(Dataset entries)
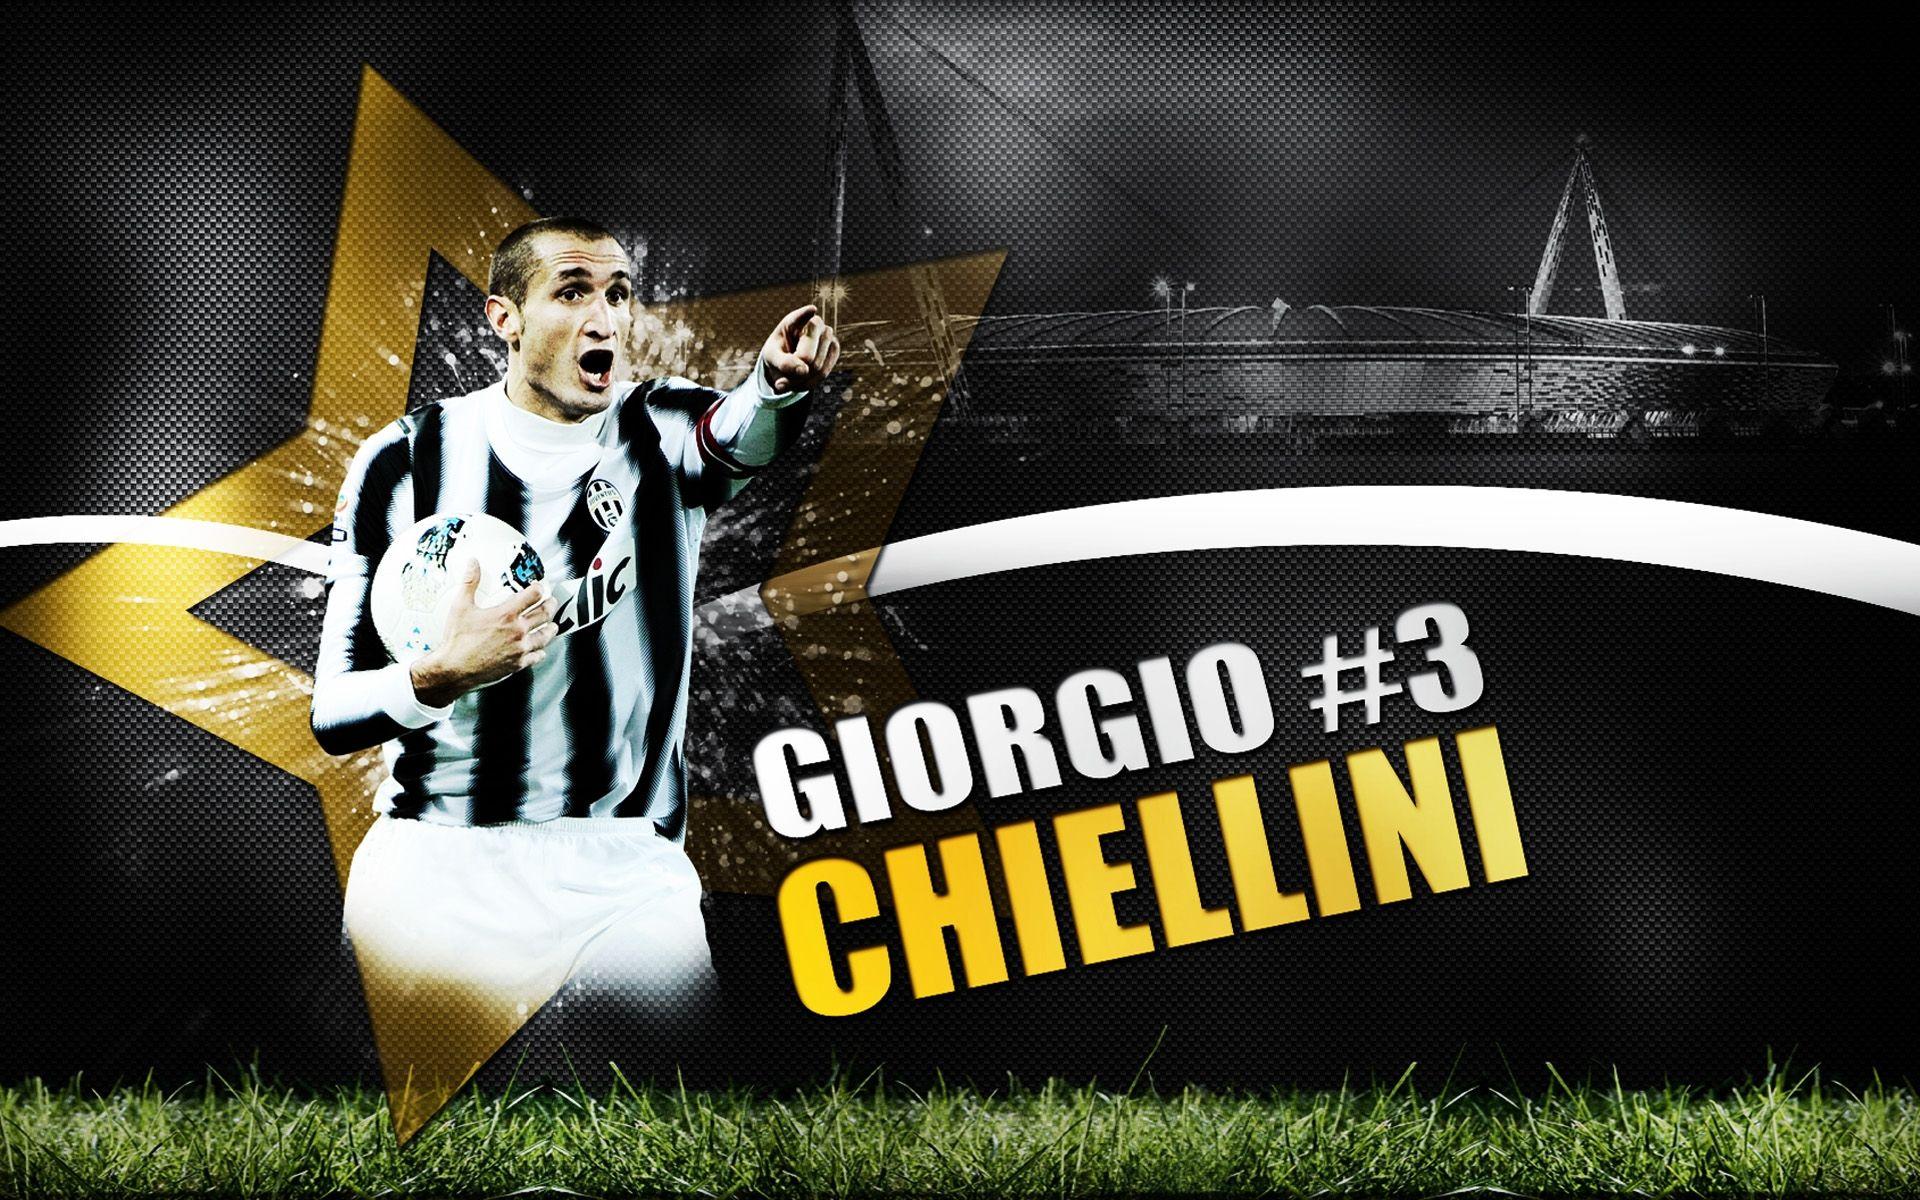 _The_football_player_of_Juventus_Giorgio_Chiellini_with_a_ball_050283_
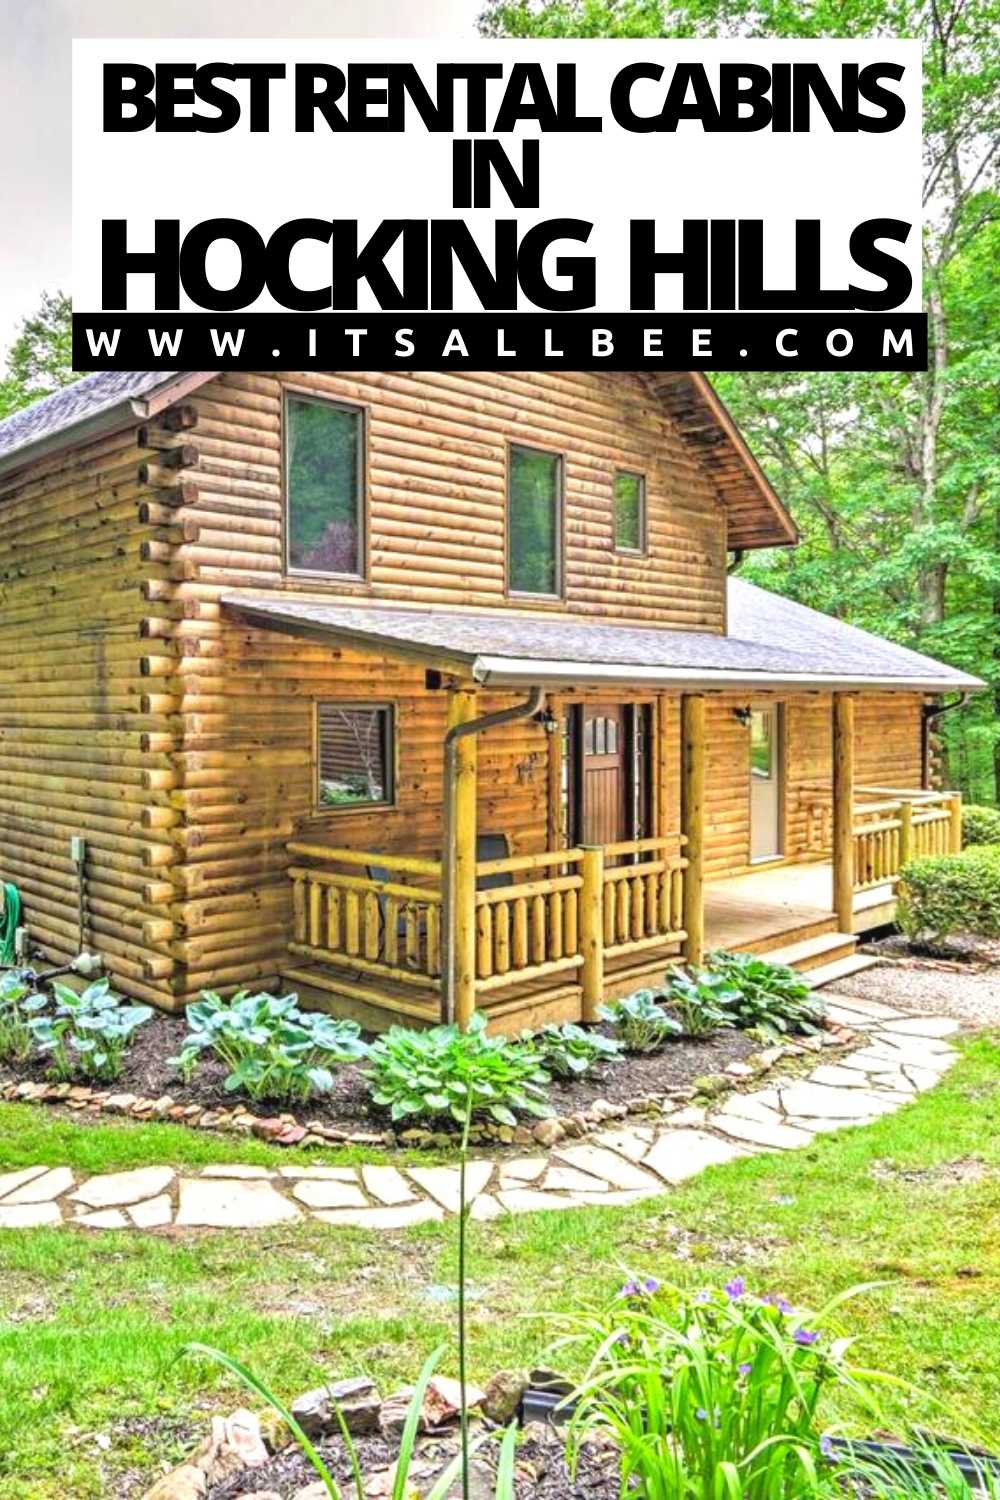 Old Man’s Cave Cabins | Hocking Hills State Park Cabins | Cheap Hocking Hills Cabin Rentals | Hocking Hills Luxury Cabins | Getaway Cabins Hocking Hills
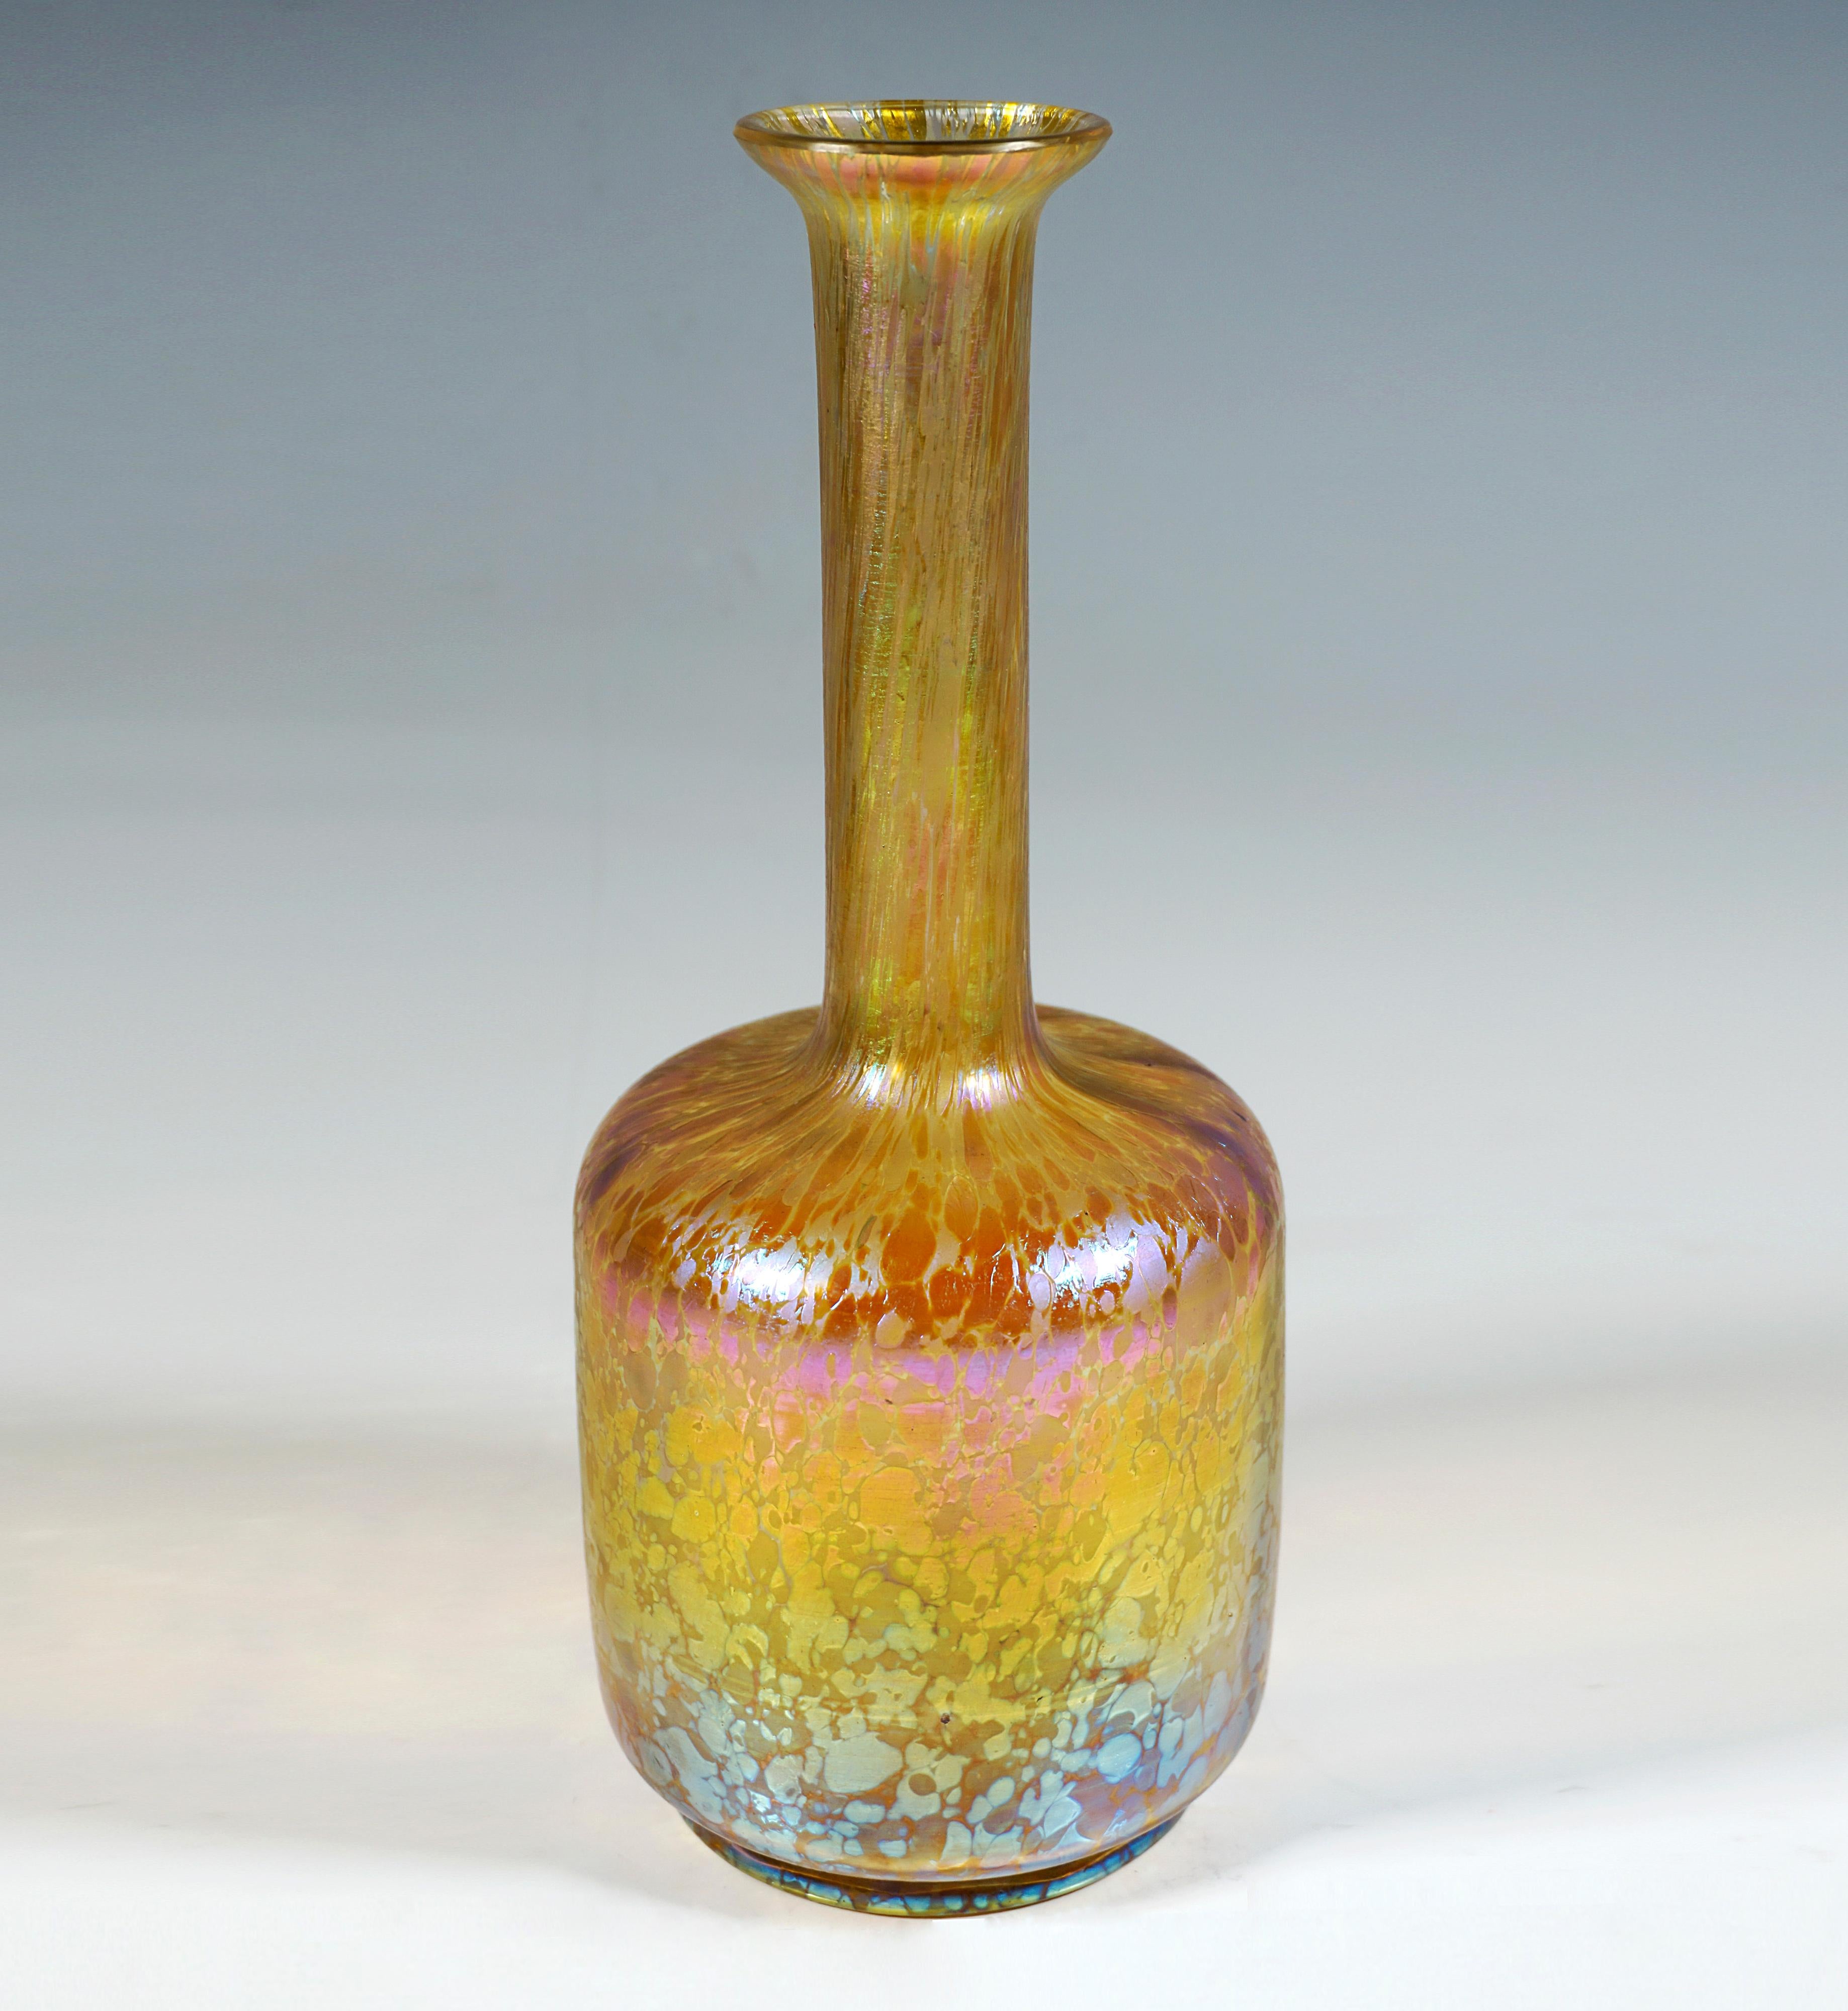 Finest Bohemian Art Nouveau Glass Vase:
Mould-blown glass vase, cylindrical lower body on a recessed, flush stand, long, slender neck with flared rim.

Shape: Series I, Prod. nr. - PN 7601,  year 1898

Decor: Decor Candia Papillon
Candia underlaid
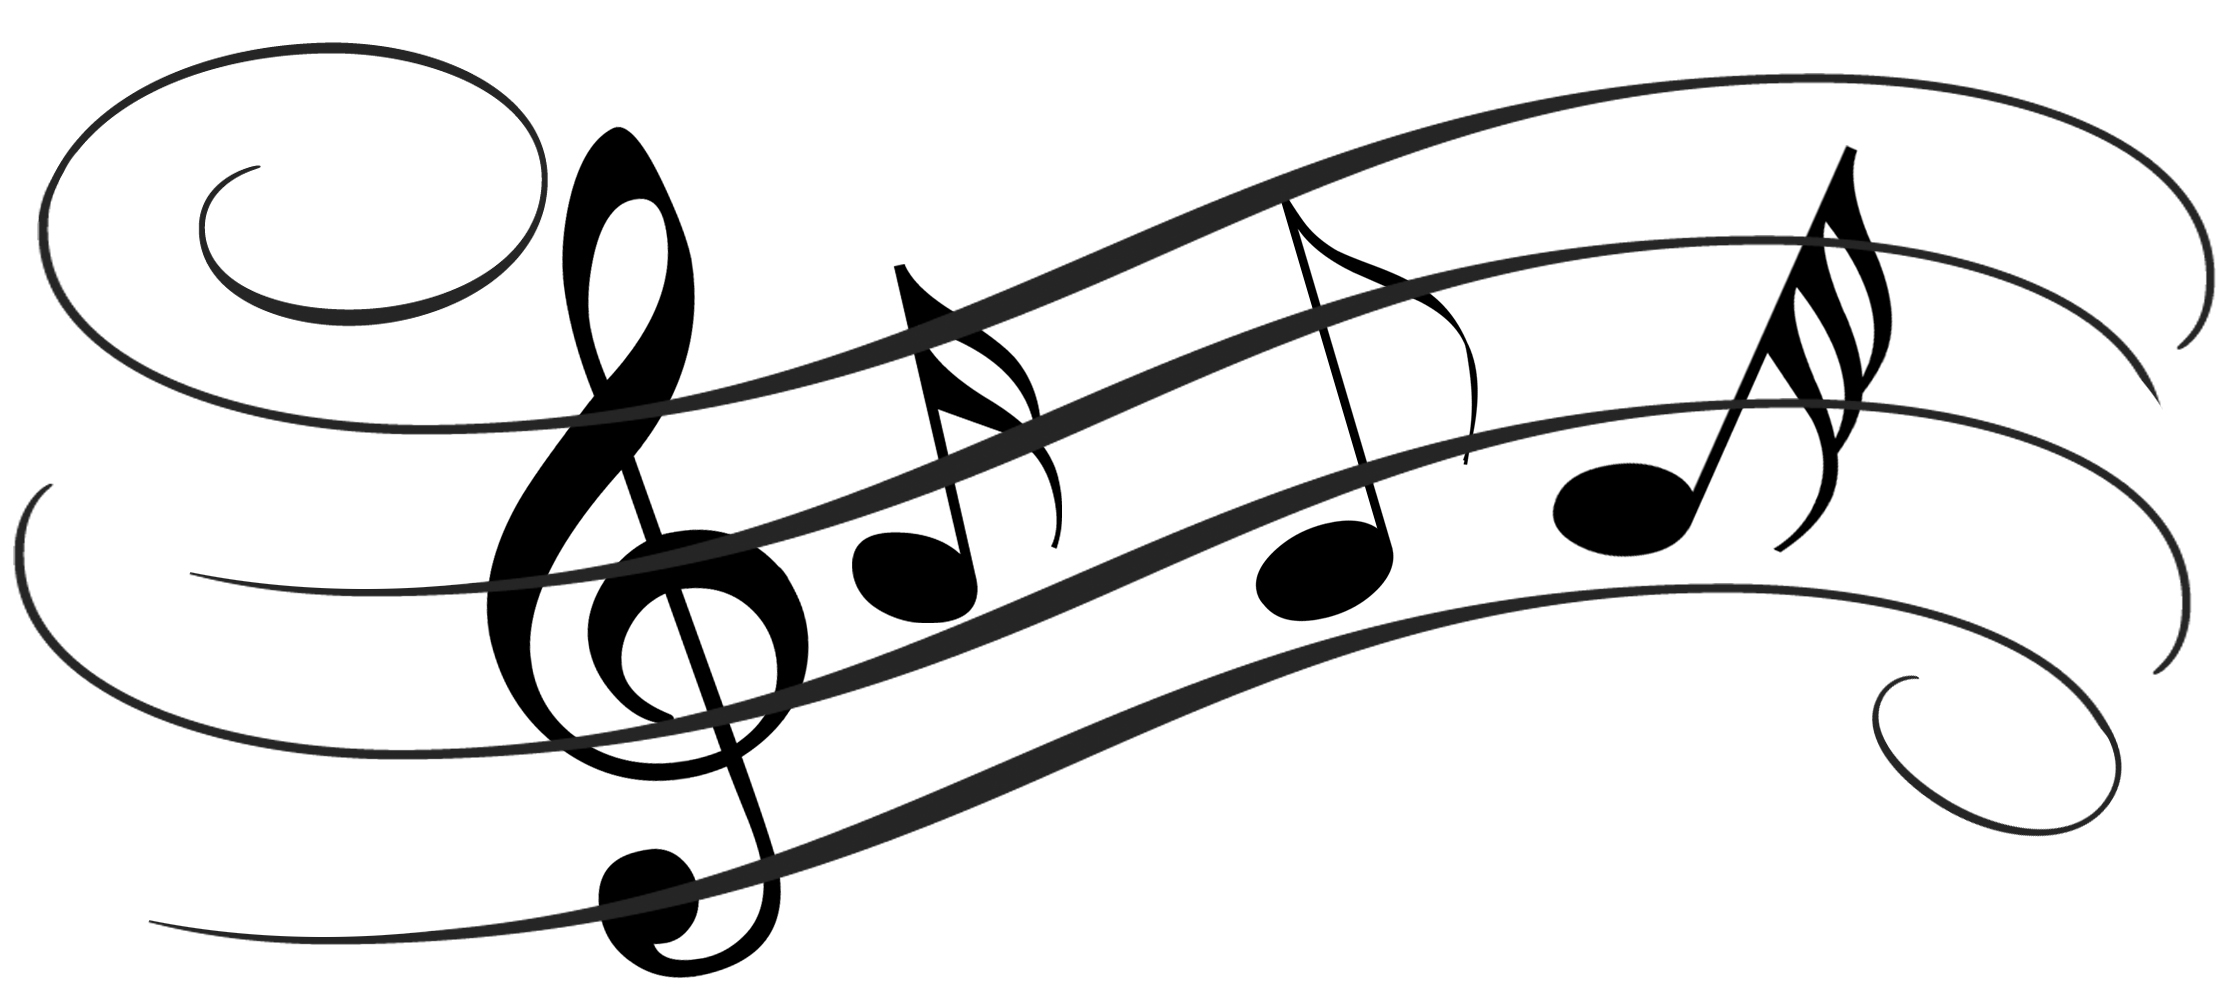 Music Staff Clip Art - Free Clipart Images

## What to do
Across all the entries, count the lines that contain "Candia", and state nothing but the total.

## Answer box
2